Enables debug logging.

Third-Party Modules

As you saw in chapter 1, one of the many features of Nginx is its modular nature. It has a very extensible architecture that enables support for plug-ins. The open source developer community has been very active and has been contributing in the development and enhancement of Nginx functionality.

  • You can find a list of all the third-party modules currently available at
    https://www.nginx.com/resources/wiki/modules/
    .

  • You will need to patch Nginx in case of some third-party modules

  • You will need to configure Nginx using the ./configure command with the –add-module command. Like the example shown below (ensure that you have downloaded the module):

    # ./configure --add-module=../ngx_http_healthcheck_module
    # make
    # make install

Yes, it is that simple to enable any third-party module in Nginx

.

Compiling and Installing Nginx

Before you start configuring Nginx, you will need to implement some mechanism to identify if the installed version of Nginx on your server is indeed the compiled version. The first method is by using the
nginx –V command
from the terminal, but that will give you the configuration settings of your Nginx server. Imagine a scenario where you would have to compile and install Nginx on tens of servers and you need to know if all those servers have the compiled version of Nginx serving the request. An easy way to get this done is by having some sort of customization done in the source itself such that it can be accessed from a browser from external machines. For example, you can edit the default index.html page, which is available in the Nginx source folder under the path nginx-1.8.0/html.
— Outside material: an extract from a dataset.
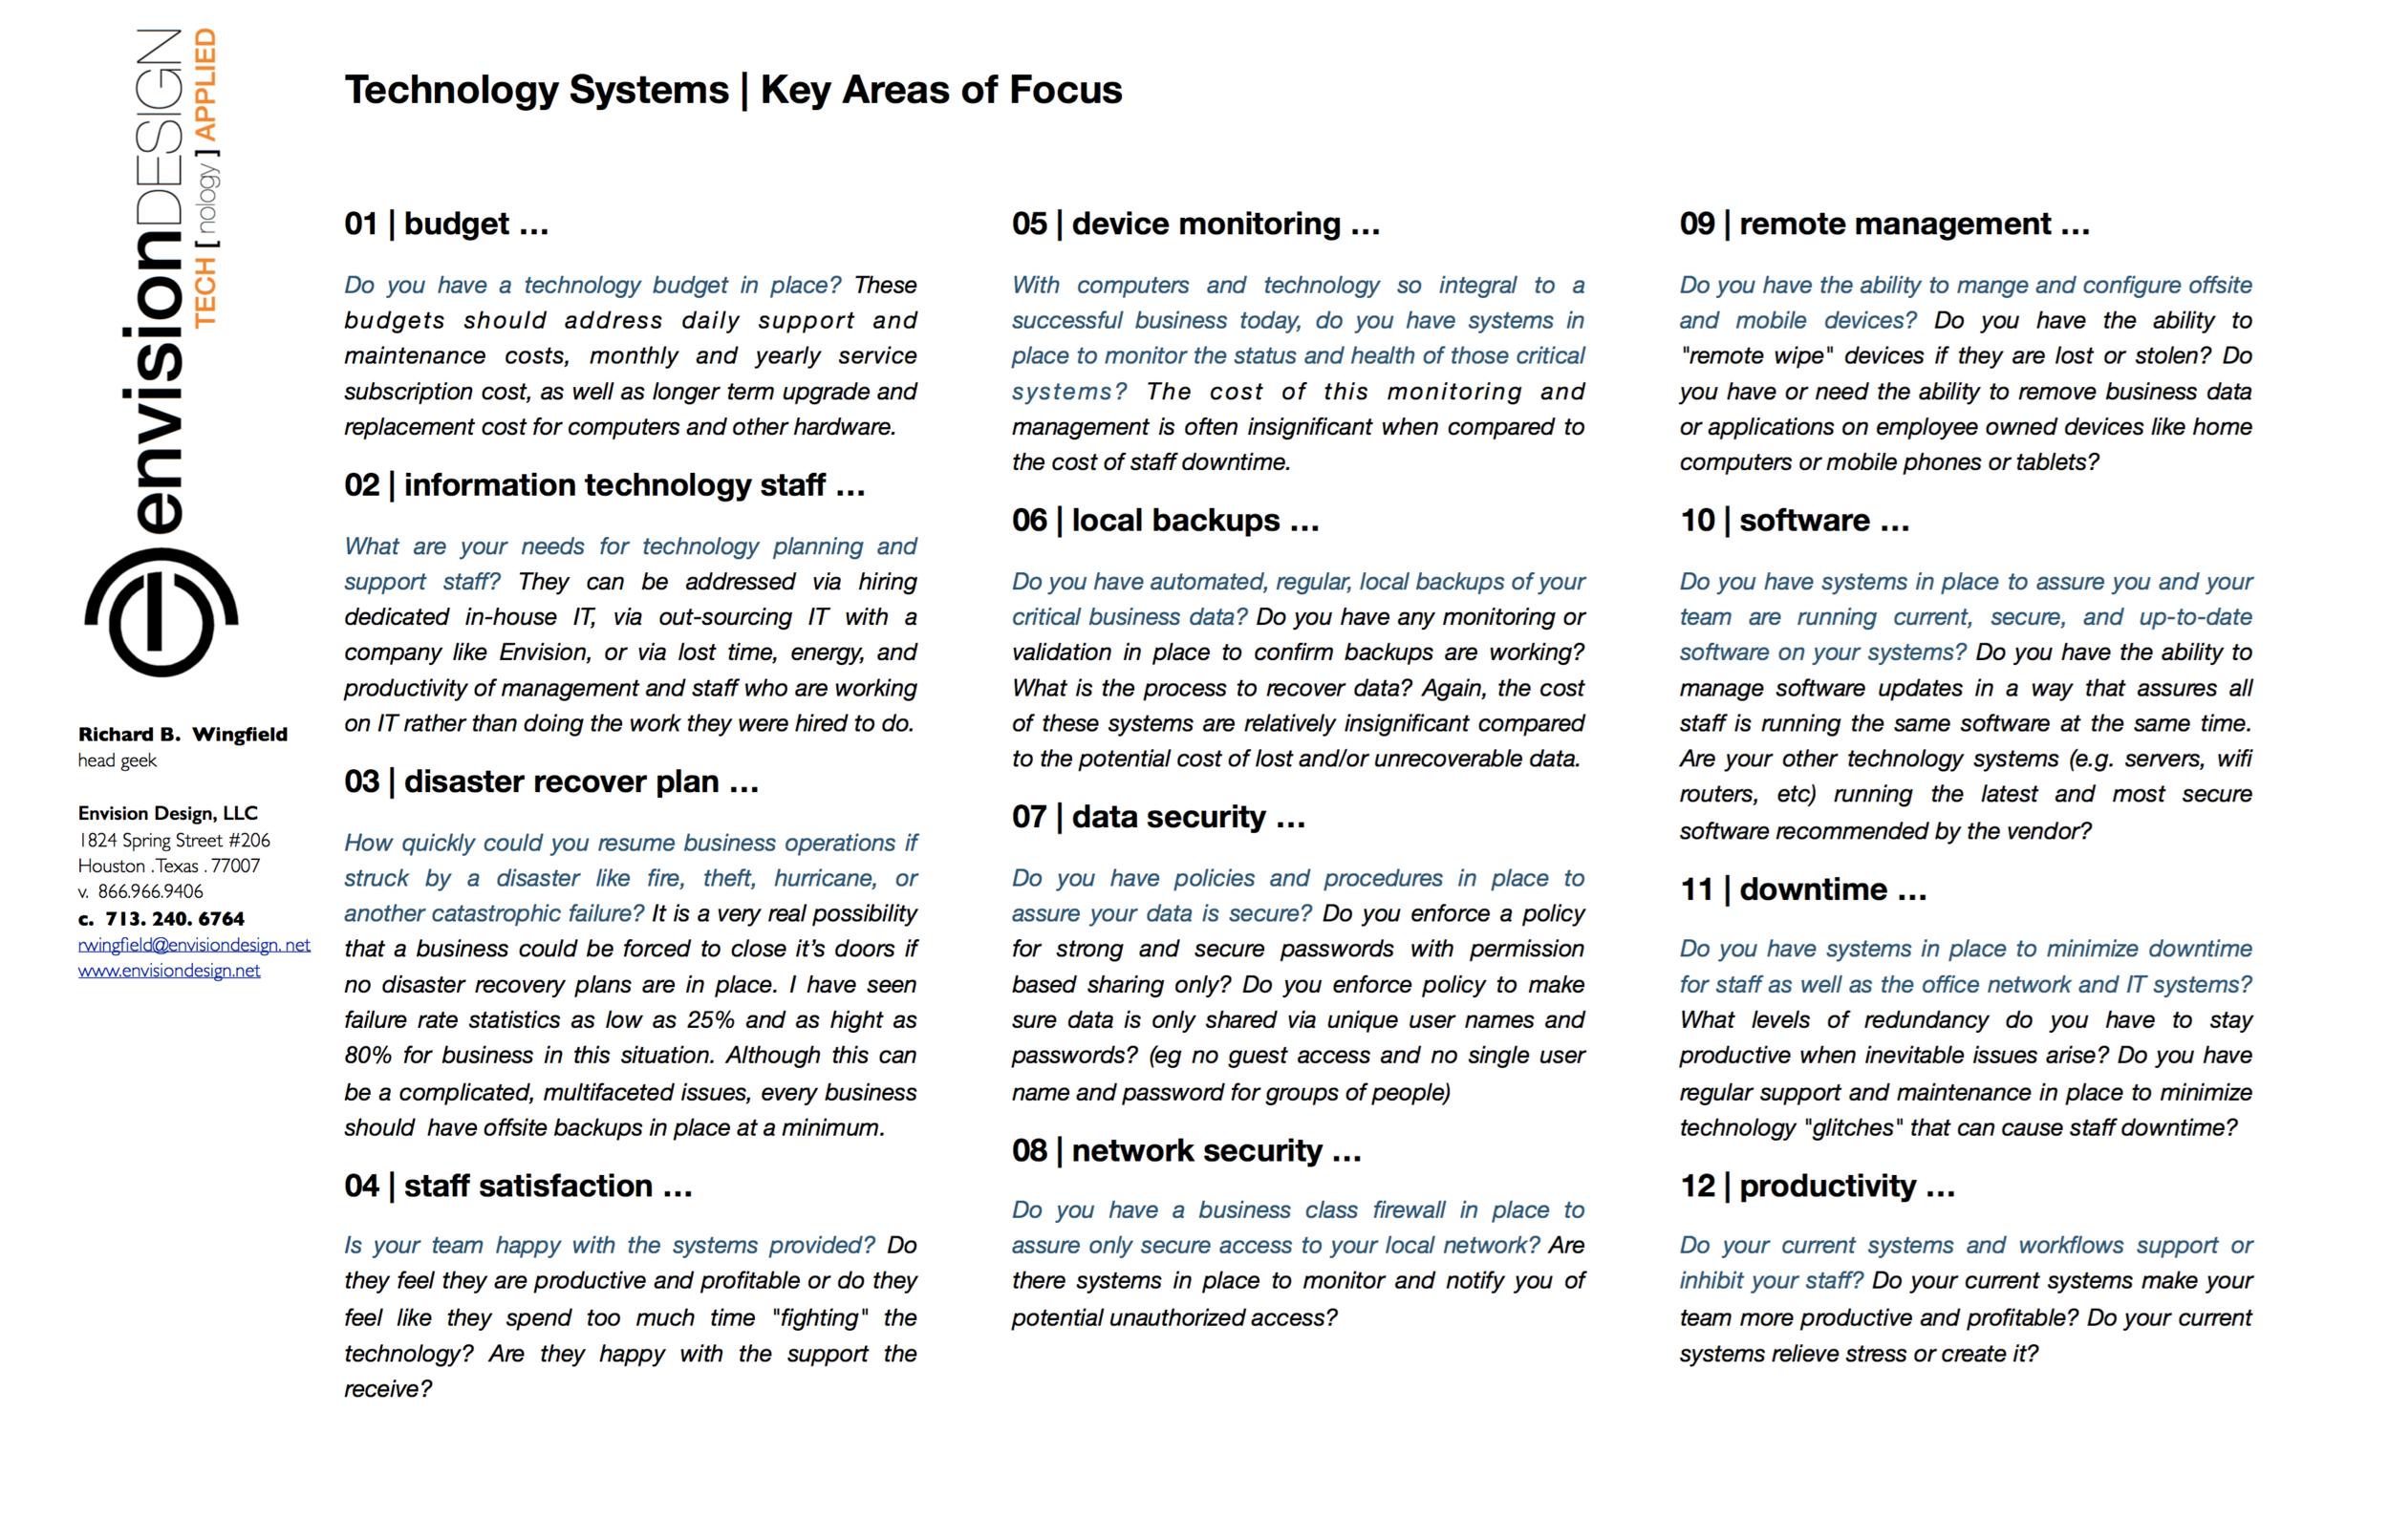 IT key areas of focus

After having looked at all the different configuration options, you are now armed to create your own binary as it fits your requirement. Since you are looking for installing a web server, your Nginx configuration would like something like the one below. You have complete freedom to add or remove any module you wish. The command discussed next is identical for both CentOS and Ubuntu.

Tip

Change the user to root using su on CentOS. In Ubuntu you will have to sudo every command.

Prerequisites

There are a few prerequisites tasks that you need to do, before you can manually configure Nginx.

  • Create a group named ‘ nginx’:

    # groupadd –r nginx
  • Create a user name ‘ nginx’:

    # useradd –r nginx –g nginx

Manual Configuration

Here are the commands that you will have to run separately in the terminal window:

# ./configure --prefix=/etc/nginx \
 --user=nginx \
 --group=nginx \
 --sbin-path=/usr/sbin/nginx \
 --conf-path=/etc/nginx/nginx.conf \
 --pid-path=/var/run/nginx.pid \
 --lock-path=/var/run/nginx.lock \
 --error-log-path=/var/log/nginx/error.log \
 --http-log-path=/var/log/nginx/access.log \
 --with-http_gzip_static_module \
 --with-http_stub_status_module \
 --with-http_ssl_module \
 --with-pcre \
 --with-file-aio \
 --with-http_realip_module \
 --without-http_scgi_module \
 --without-http_uwsgi_module \
 --without-http_proxy_module \                                                                                                                                                                                    

Below is the sample output of the above command. Here you can see that a Makefile was created in objs directory in the source folder. You can also see that configure was able to identify the PCRE, OpenSSL, and zlib libraries that we installed. You can also see that Nginx is showing you the exact location and log path directory as we mentioned.

... output trimmed ...                    
creating objs/Makefile

Configuration summary
  + using system PCRE library
  + using system OpenSSL library
  + md5: using OpenSSL library
  + sha1: using OpenSSL library
  + using system zlib library

  nginx path prefix: "/etc/nginx"
  nginx binary file: "/usr/sbin/nginx"
  nginx configuration prefix: "/etc/nginx"
  nginx configuration file: "/etc/nginx/nginx.conf"
  nginx pid file: "/var/run/nginx.pid"
  nginx error log file: "/var/log/nginx/error.log"
  nginx http access log file: "/var/log/nginx/access.log"
  nginx http client request body temporary files: "client_body_temp"
  nginx http fastcgi temporary files: "fastcgi_temp"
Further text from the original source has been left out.